The western side of the street on which Numbers 10 and 11 stand was slow to be developed, with large tracts remaining unbuilt as late as the early 1750s. The site of the two houses, with a 47' 6'' frontage to South Frederick Street, was sold by Wilde to David Fleming, merchant, in July 1752, who possibly built the two houses. It is likely that Number 10 was the first to be developed, with Number 11 subsequently erected to a more imposing standard.
Development
The earliest houses on the street were originally fronted with curvilinear gables, commonly known as 'Dutch Billies', such as the surviving terrace of houses on the east side that still feature stark triangular gables and closet returns to the rear. Number 10 appears to have slightly bucked this trend due to its late development date and might be classified as a ‘transitional’ style house - i.e. a house that includes both older and newer features in the evolution of 18th-century house design. This includes the flat parapet fronting the street – a new addition to modest Dublin houses of the 1750s - while in every other respect Number 10 conforms to the classic Dutch Billy typology. Features of this older, established way of building includes the cruciform-shaped roof, a projecting closet return to the rear and a saw-tooth outline of gables to the rear wall and return.
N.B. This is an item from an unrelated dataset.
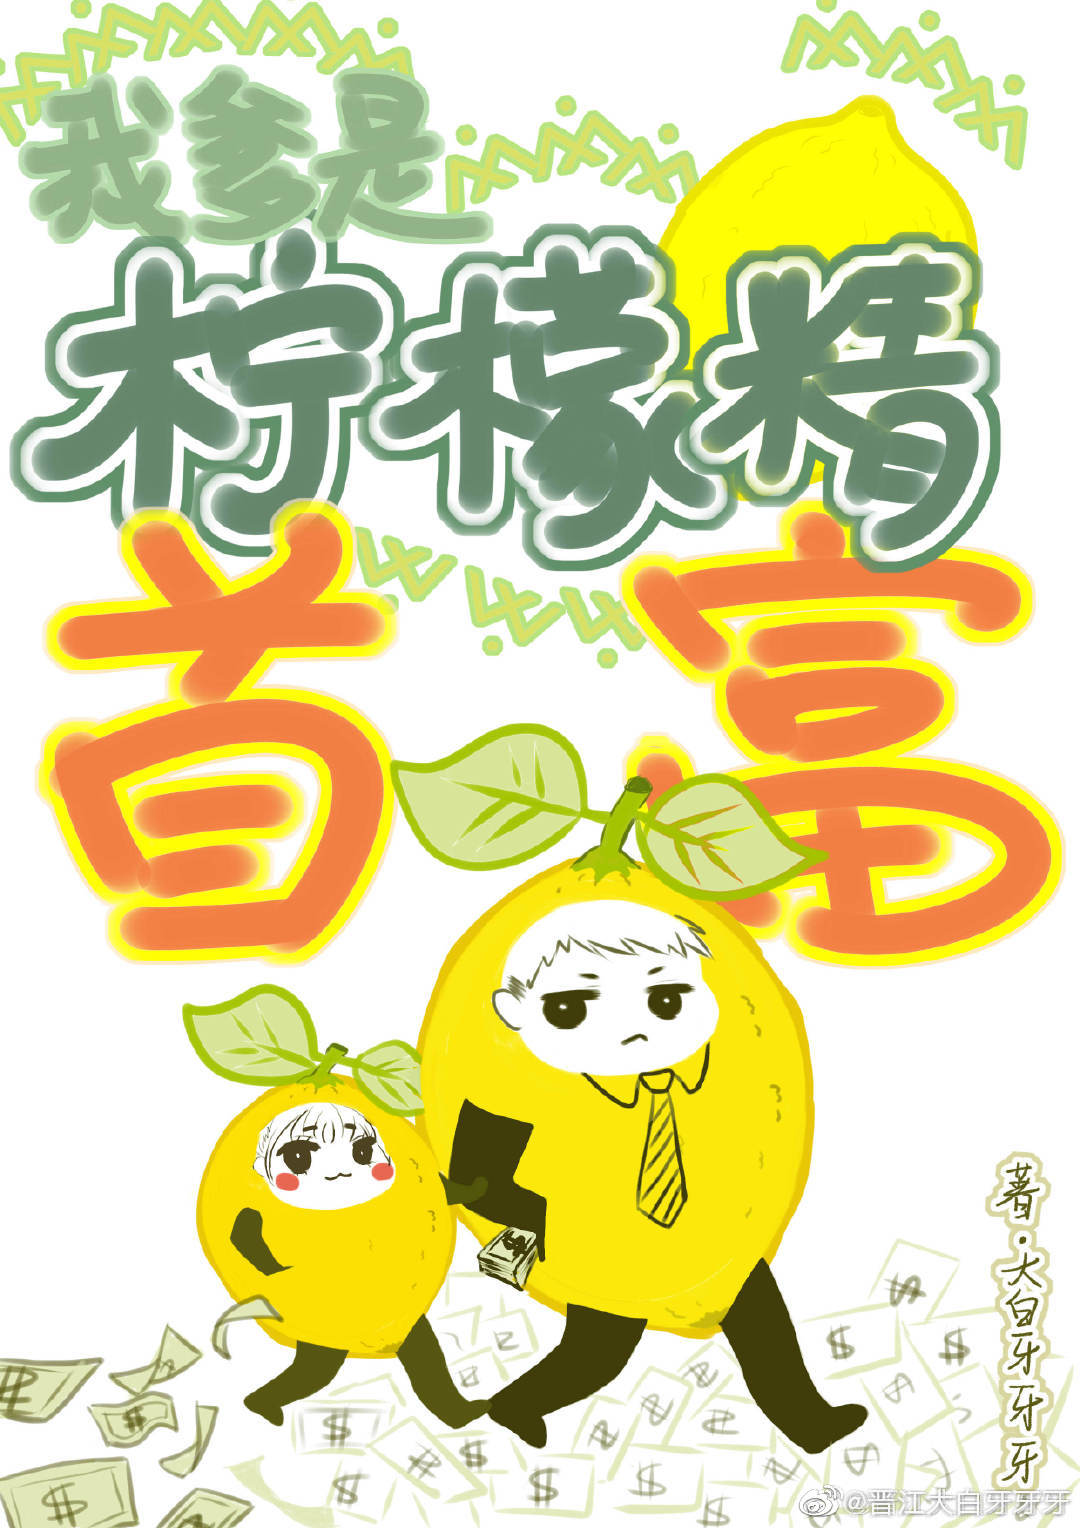 [小说]晋江VIP2020-07-21完结 总书评数：43638当前被收藏数：79283 宁檬穿成一只柠檬精_真千金是柠檬精

The main indicator that Number 10 may have been one of the first non-gabled merchant houses built on a fashionable street in Dublin was the survival of the old-fashioned exposed box windows to the top floor until the late 20th century. These would almost certainly have been replaced in the late 18th or early 19th centuries if the present parapet had been rebuilt from an earlier gable. Evidence of early modification in other parts of the house include the handsome Wyatt window – named after the architect James Wyatt who popularised the design – at ground floor level. This replaced a former pair of windows at ground floor level, as was commonly carried out in Dublin during the era when window tax was levied on the number of windows in a building. The tax operated in Ireland from 1799 until 1822.
Opposite: The distinctive sawtooth outline of the rear gable to Number 10 with its matching closet return and exposed sash box window frames. This was the typical arrangement of merchant house rear elevations in Dublin until the mid-18th century.
Interior
Internally, Number 10 hosts a massive central chimneystack that is shared between the front and back rooms on every floor, resulting in delightful corner fireplaces so typical of early 18th-century Dublin houses. The layout consists of a standard two-room plan with a sequence of attractive panelled rooms with original cornices in timber and plaster. A closet return to the back elevation, comprising of a single room on each floor, runs the full height of the house.
An impressively robust closed-string staircase is situated at the rear of the building with double newel posts terminating the balustrades, a low wide handrail and gentle gradient steps. The hallway and staircase is also half panelled with raised and fielded panelling up to dado level. At first floor level, some full height panelling had survived and this formed the basis for reinstatement during the restoration project.